Parameters of fuzzy systems in Experiment 2; p, q—peaks of membership functions, $\sigma $, $\delta $—widths of membership functions, $w_1$, $w_2$, $v_1$, $v_2$, b—polynomial coefficients in the consequent part

Rule	p	$\sigma $	q	$ \delta $	$w_2$	$w_1$	$v_2$	$v_1$	b
OLS
$R_{1}$	$-$1	0.4247	0	0.2123	4.794	11.64	53.93	3.130	8.401
$R_{2}$	$-$1	0.4247	0.5	0.2123	2.591	1.369	$-$57.28	57.33	$-$17.15
$R_{3}$	$-$1	0.4247	1	0.2123	26.88	59.32	45.42	$-$95.81	85.97
$R_{4}$	0	0.4247	0	0.2123	$-$7.663	$-$0.0414	28.90	1.408	$-$0.2997
$R_{5}$	0	0.4247	0.5	0.2123	0.3362	2.946	$-$31.22	30.64	$-$8.697
$R_{6}$	0	0.4247	1	0.2123	$-$26.27	3.442	30.60	$-$63.89	30.34
$R_{7}$	1	0.4247	0	0.2123	3.393	$-$9.364	$-$415.1	$-$6.422	0.6953
$R_{8}$	1	0.4247	0.5	0.2123	$-$0.5307	$-$1.685	288.6	$-$306.4	94.64
$R_{9}$	1	0.4247	1	0.2123	15.21	$-$35.50	$-$232.4	484.2	$-$234.7
PSO-FS
$R_{1}$	$-$0.7318	0.4725	0.6572	1.025	0	0	0	0	0
$R_{2}$	$-$0.7318	0.4725	0.6618	1.034	0	$-$7.586	0	0	0
$R_{3}$	$-$0.7318	0.4725	0.5186	0.3502	0	0	0	0	$-$28.06
$R_{4}$	$-$0.9964	0.9916	0.6572	1.025	0	$-$4.925	0	0	0
$R_{5}$	$-$0.9964	0.9916	0.6618	1.034	$-$11.84	0	0	0	0.4208
$R_{6}$	$-$0.9964	0.9916	0.5186	0.3502	0	$-$10.55	0	0	13.37
$R_{7}$	1	0.3468	0.6572	1.025	0	0	0	0	0
$R_{8}$	1	0.3468	0.6618	1.034	2.035	0	0	0	0
$R_{9}$	1	0.3468	0.5186	0.3502	$-$7.655	0	0	0	7.450

$$\begin{aligned} \begin{aligned} R_{1}:&\text { IF } x_1\in {\mathrm {gauss}}(x_1,-0.7318,0.4725)\\&\text { AND } x_2\in {\mathrm {gauss}}(x_2,0.6572,1.025) \\&\text { THEN } y = 0,\\ R_{2}:&\text { IF } x_1\in {\mathrm {gauss}}(x_1,-0.7318,0.4725)\\&\text { AND } x_2\in {\mathrm {gauss}}(x_2,0.6618,1.034) \\&\text { THEN } y = -7.586x_1,\\&\ldots \\ R_{9}:&\text { IF } x_1\in {\mathrm {gauss}}(x_1,1,0.3468)\\&\text { AND } x_2\in {\mathrm {gauss}}(x_2,0.5186,0.3502) \\&\text { THEN } y = -7.655x_1^2+7.450.\ \end{aligned} \end{aligned}$$

(40)

It is seen that two rules ($R_1$ and $R_7$) have the zero polynomial in the consequent part. Figures 6, 7 and 8 show the goal function y, the estimator ${\hat{y}}$, and the approximation error $y-{\hat{y}}$ for the best model.

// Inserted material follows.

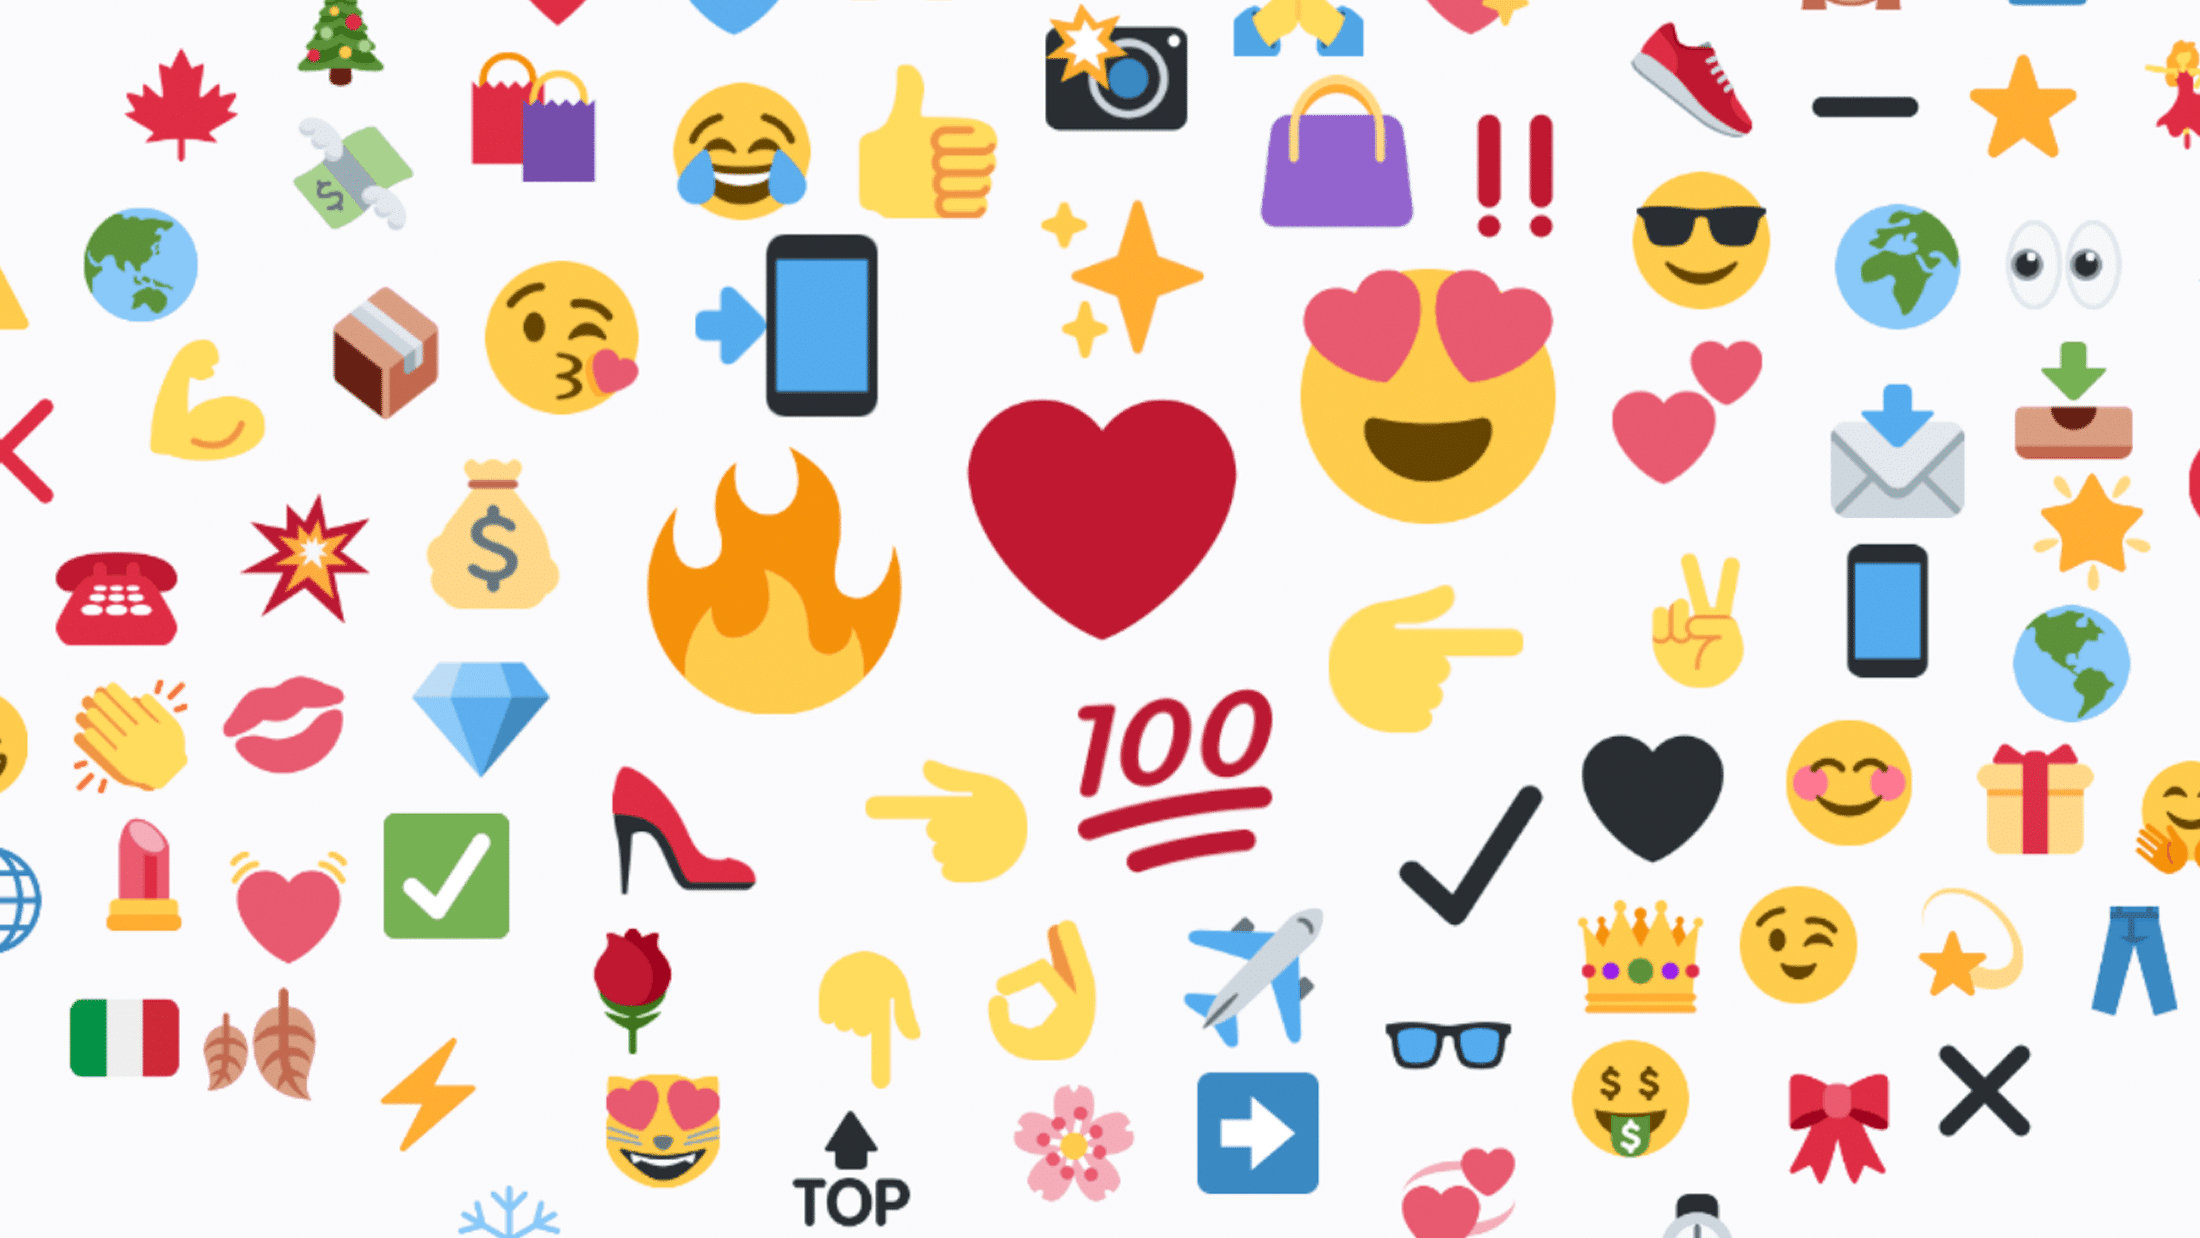 The Most Popular Emojis

The average time of training high-order T–S fuzzy systems using the PSO-FS method for one MCCV data subset was about 48.48 s (Table 5). As in Experiment 1, the methods with manually chosen fuzzy sets (OLS, RIDGE, FS, LAR, LASSO, ENET) have the shortest calculation times, while the longest times have been obtained by algorithms using SA.

8 Conclusions

A method of training high-order Takagi–Sugeno systems for two-variable function approximation has been proposed. The method is based on sparse regressions and metaheuristic optimization. The antecedent parameters of the fuzzy rules are set manually or by metaheuristic optimization methods such as particle swarm optimization, genetic algorithm, or simulated annealing. The consequent parameters are determined by ordinary least squares, ridge regression or sparse regressions such as forward selection, least angle regression, least absolute shrinkage and selection operator or elastic net. Ordinary least squares regression is used as a reference method. A quality criterion based on sparsity measure has been proposed to assess the quality of the fuzzy models. Compared with the reference method, the conducted experiments showed that: (a) the use of sparse regressions and/or metaheuristic optimization methods can reduce the validation error; (b) the use of sparse regressions may simplify the fuzzy model by setting some of the coefficients to zero.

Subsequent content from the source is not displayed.